October was filled with spooktacular achievements. Keep reading for some scary good news!
patrick-collierjackie-grutsch-mckinney

Dr. Jackie Grutsch McKinney‘s new book, The Working Lives of of New Writing Center Directors, is officially out.

Professor Patrick Collier had his book Modern Print Artefacts: Textual Materiality and Literary Value, 1890-1930s, published by Edinburgh University Press. A big congrats to you both!

In other news…

G Patterson was awarded a $2,000 ASPIRE New Faculty Start Up grant that will allow them to update Bracken’s collection of resources in queer and gender studies. G Patterson is one of the three active scholars who researches transgender rhetorics in the field of Rhetoric and Composition. Having access to these funds will allow them to build a scholarly library and collaborate with other scholars on this area of study.

Rani Crowe was also awarded a $2,500 ASPIRE Start Up Grant to make the short film “Finding Grace” by screenwriting faculty, Kathryn Gardiner.

Professor Akira Negishi completed his Japanese translation of Professor Frank Felsenstein‘s adaption of Tobias Smollett’s Travels through France and Italy. The translation took nearly ten years to complete and includes a further piece that Frank wrote to commemorate the two hundred and fiftieth year since the original publication of the Travels in 1766.

Professor Robert D. Habich published the annual review essay “Emerson, Thoreau, Fuller, and Transcendentalism” in American Literary Scholarship 2014 (Duke University Press, 2016), pp. 3-20.

Professor Emily Rutter just received the Jerome Stern Award for the Best Essay in Studies in American Culture. Also, she has been selected as a Ball State Diversity Associate for Research for 2016-2017.

Professor Emily Jo Scalzo had two poems accepted to be included in Disarm: A Gun Sense Anthology through Black Heart Magazine. The two poems they’ve accepted are “After Charleston,” a senryu, and “Gun Control.”
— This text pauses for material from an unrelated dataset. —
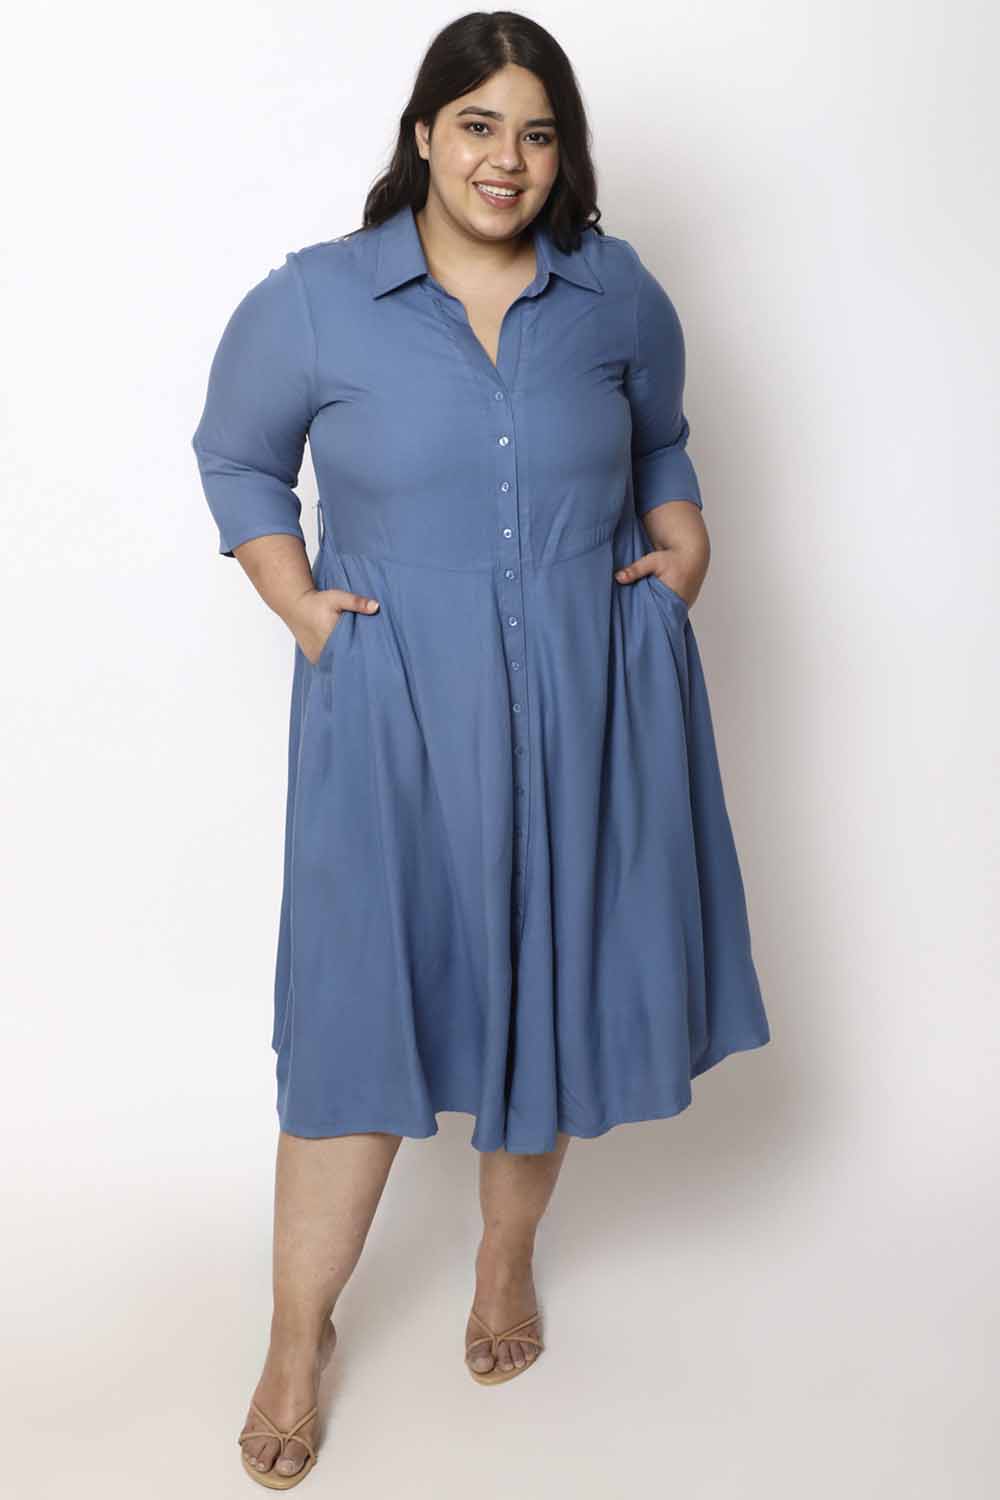 Plus Size Blue Shirt Dress for Women

Professor Craig O’Hara had his short story, “Smile Buddy,” published in the latest edition of Bull Magazine. His short story collection One Thirty Five South was named a finalist for the Stillhouse Press’s Mary Roberts Rinehart Fiction Contest. His other short story, “Man with the Rubber Head: Variations on a Theme by Melies,” was also named a finalist for the Gertrude Stein Award in Fiction.

Dr. Darolyn Jones won the Best Presentation at the Diversity Symposium 2016. She was invited to present on “Writing About Your Life” at the annual Indy Author’s Fair. She also coauthored Memory Workshop with novelist Barbara Shoup, and that book came out this month.

Professor Adrienne Bliss was accepted into the Diversity Associates Program 2016-2017 to conduct a study at Indiana Women’s Prison titled, “Reading in a Women’s Prison: Education, Entertainment, and Reentry.” She also gave a presentation titled, “Women in the Big House: The Media and Reality,” at the October Midwest Popular Culture conference.

Jennifer Grouling, Leo Huisman, and Maria Staton attended the Indianapolis Assessment Institute where they learned a lot about national assessment trends, as well as programmatic assessment, classroom assessment, and faculty development.

Graduate teaching assistants Sara Strasser, Abigail Barker, and Alyssa McGrath presented at the Watson Conference in Louisville.

Alumni Good News!
 

Robbie Maakestad, MA in Creative Writing from 2014, is currently finishing his MFA at George Mason University. His essay “A Historic/Linguistic Lithostratigraphic Exploration of How David Conquered Jerusalem” is forthcoming in The Rumpus. The essay comes from his creative nonfiction thesis on the City of David Archaeological Park in Jerusalem.

Ball State alum Alysia Sawchyn recently won Cutbank’s 2016 Flash Prose Contest. Her poem, “Desire as Architecture,” was published in the Fall issue of Disquieting Muses Quarterly Review. And, be sure to check our her monthly column at Barrelhouse titled “Baking is Cheaper Than Therapy”.